> RECORD SET
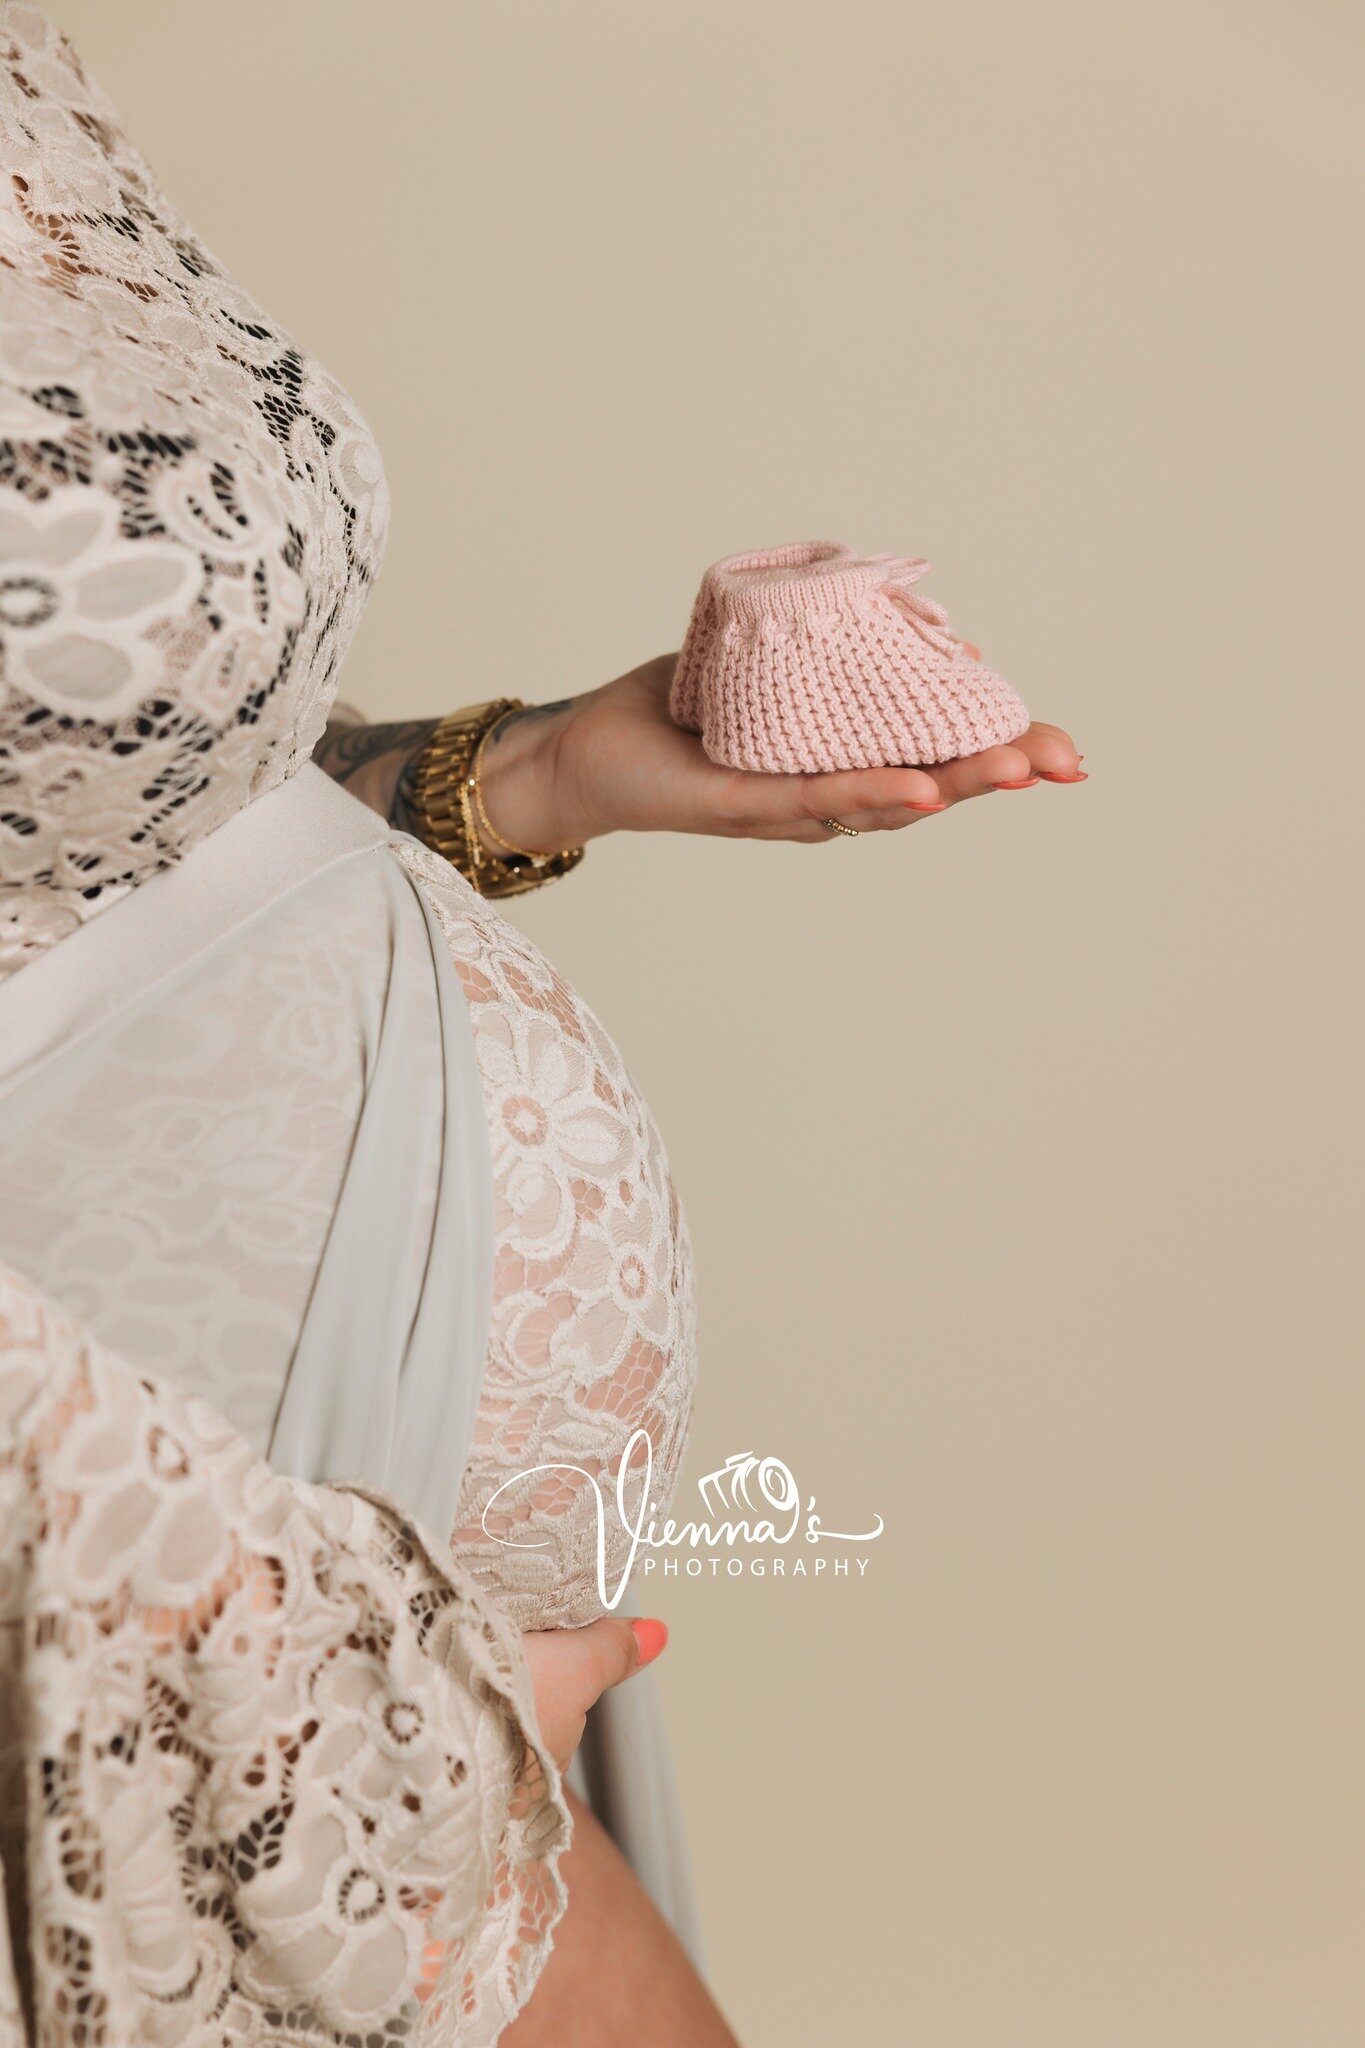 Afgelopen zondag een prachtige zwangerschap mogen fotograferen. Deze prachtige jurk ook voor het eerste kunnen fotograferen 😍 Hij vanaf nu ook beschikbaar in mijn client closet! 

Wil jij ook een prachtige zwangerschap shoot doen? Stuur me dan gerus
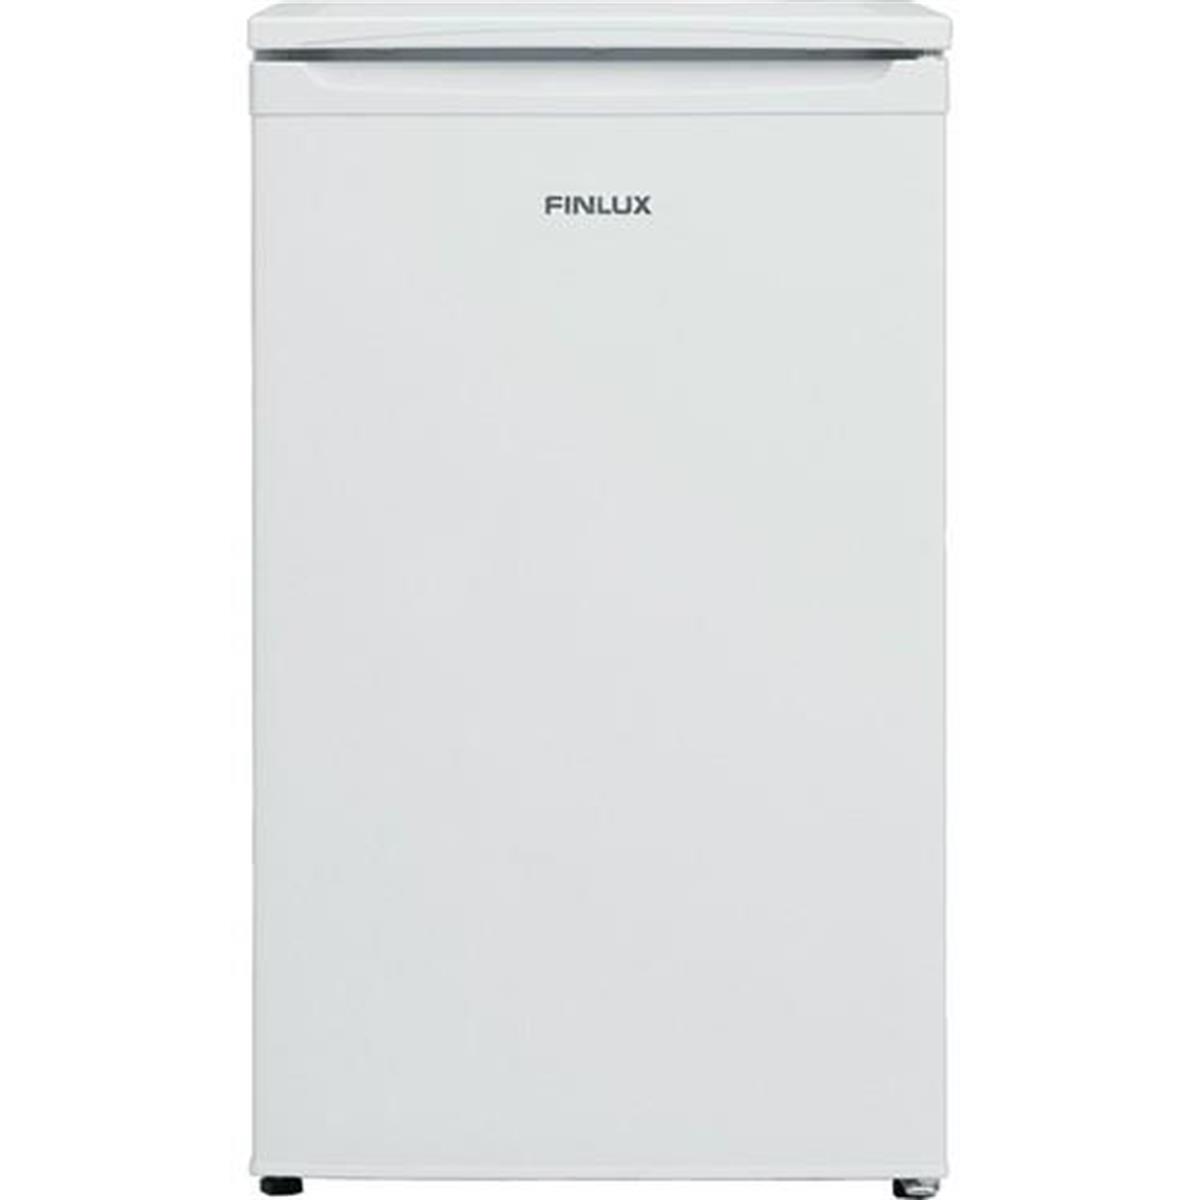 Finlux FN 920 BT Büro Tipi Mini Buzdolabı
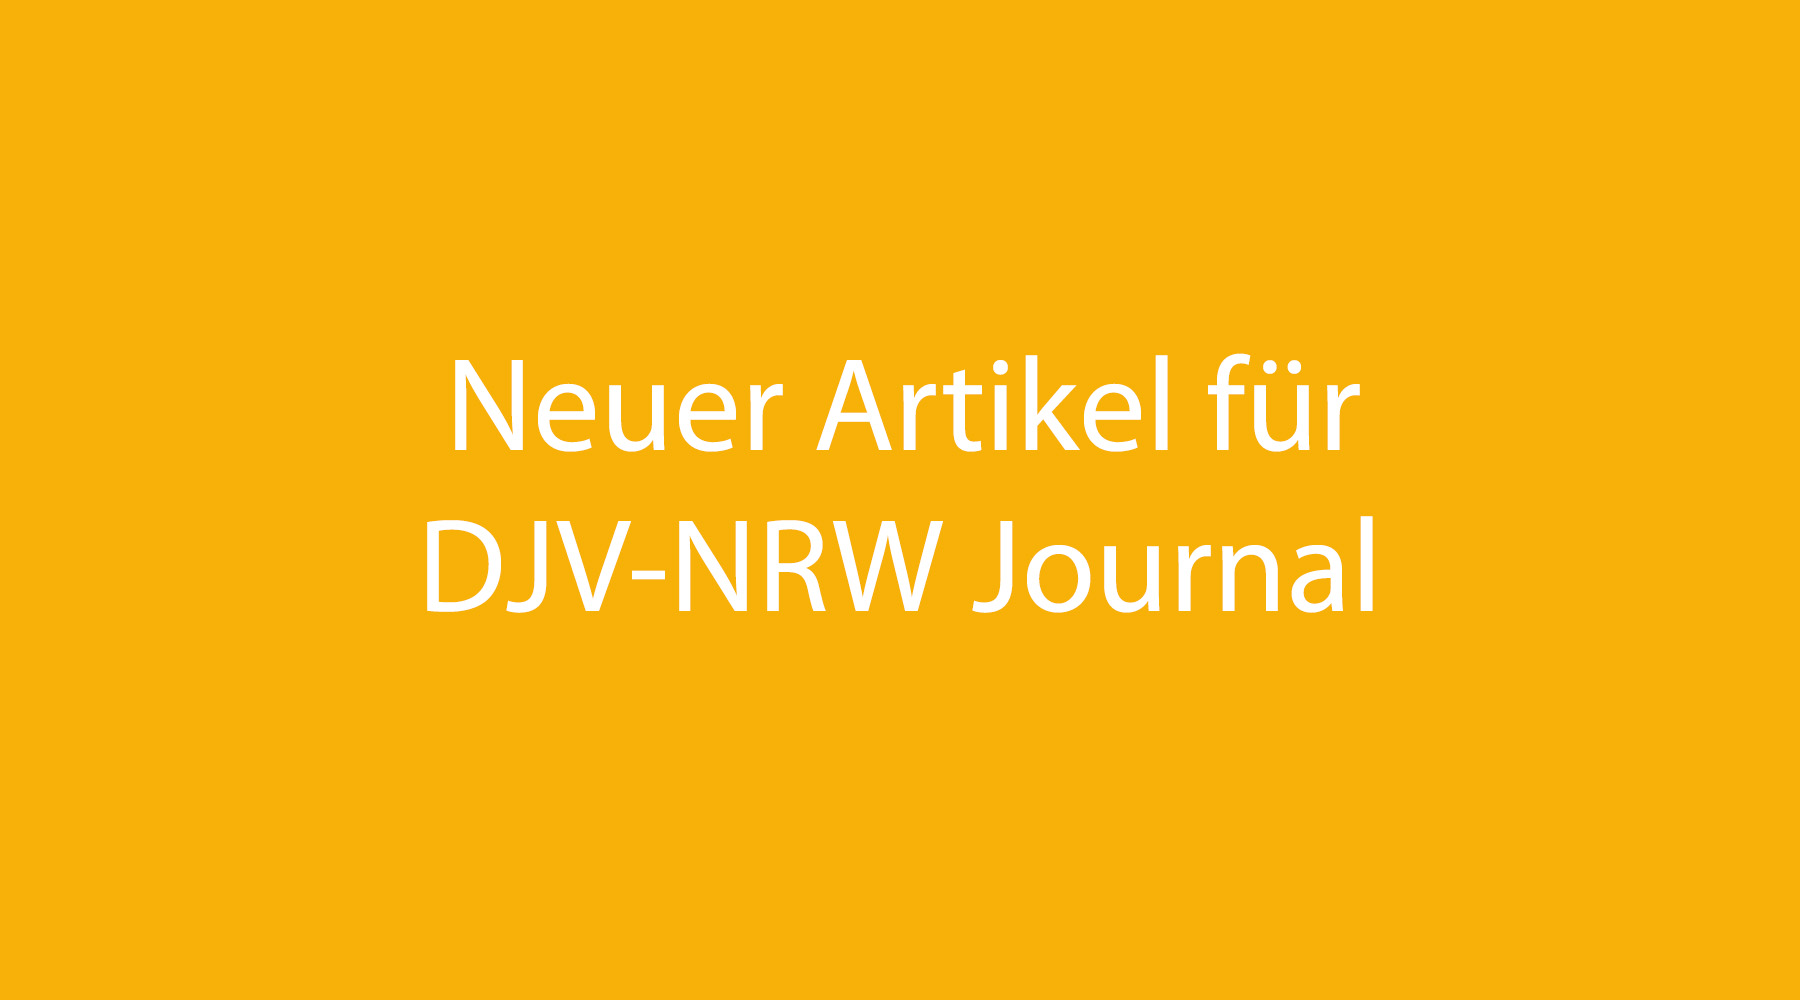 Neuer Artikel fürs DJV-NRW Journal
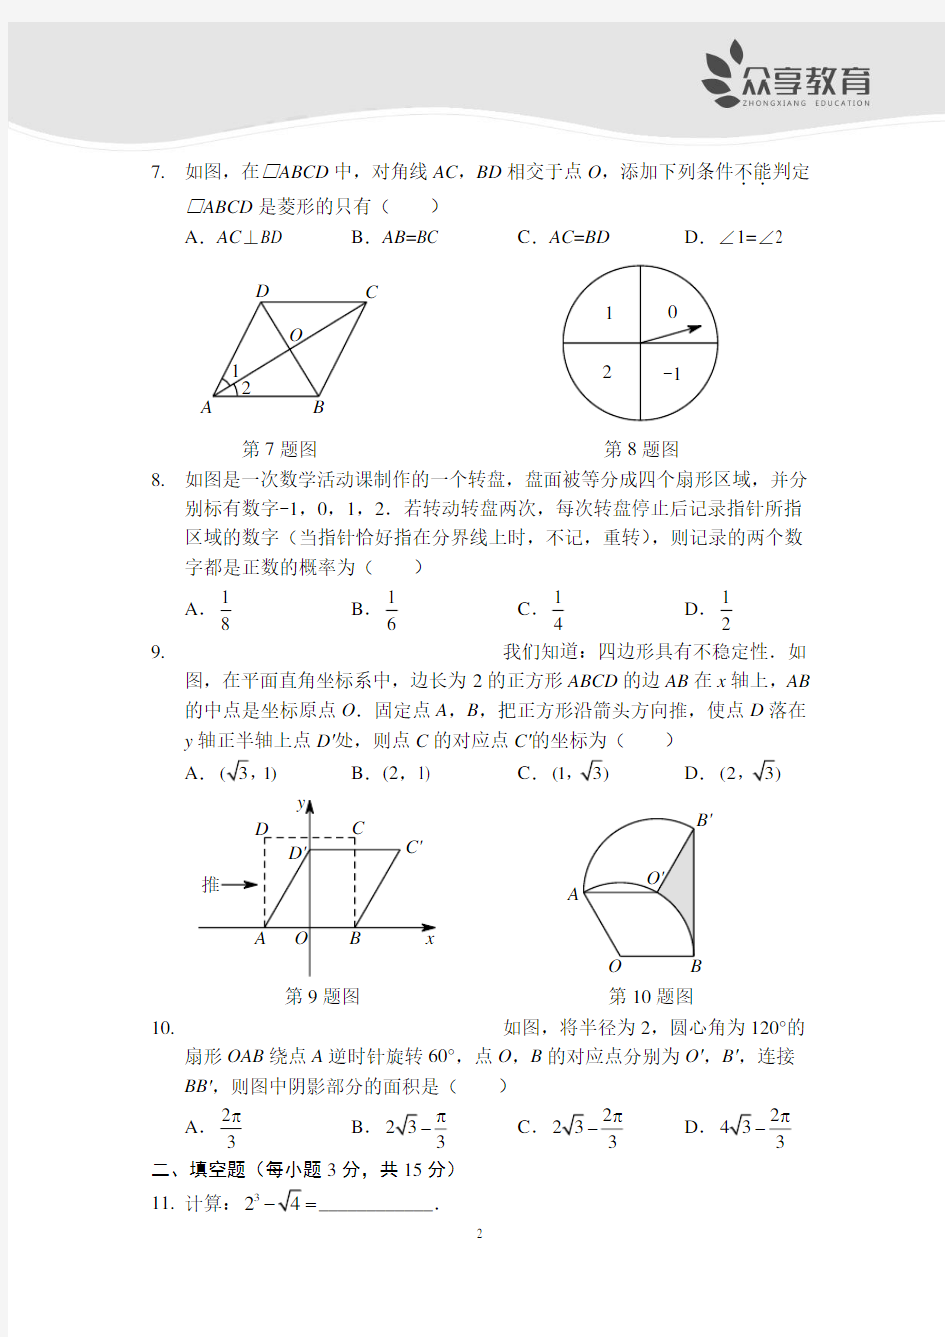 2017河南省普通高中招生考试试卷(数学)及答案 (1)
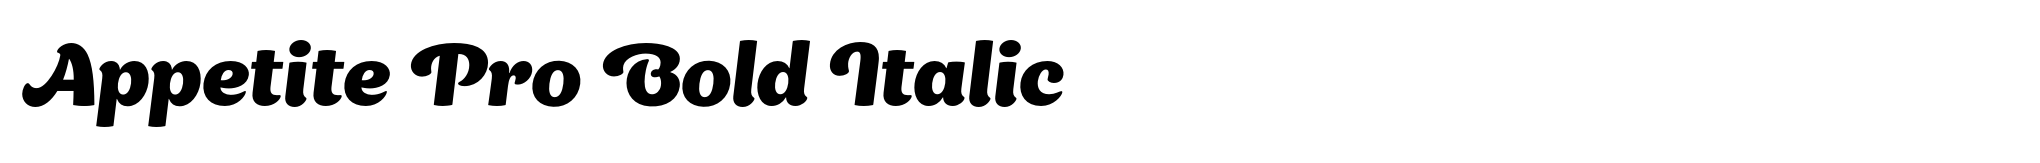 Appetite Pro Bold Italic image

> WHAT YOU SHOULD DO
The whole listing is to be written out exactly; the pictures stay out of the copy.

> RESULT OF THIS TASK
 Afgelopen zondag een prachtige zwangerschap mogen fotograferen. Deze prachtige jurk ook voor het eerste kunnen fotograferen 😍 Hij vanaf nu ook beschikbaar in mijn client closet! 

Wil jij ook een prachtige zwangerschap shoot doen? Stuur me dan gerus
 Finlux FN 920 BT Büro Tipi Mini Buzdolabı
 Neuer Artikel fürs DJV-NRW Journal
 2017河南省普通高中招生考试试卷(数学)及答案 (1)
 Appetite Pro Bold Italic image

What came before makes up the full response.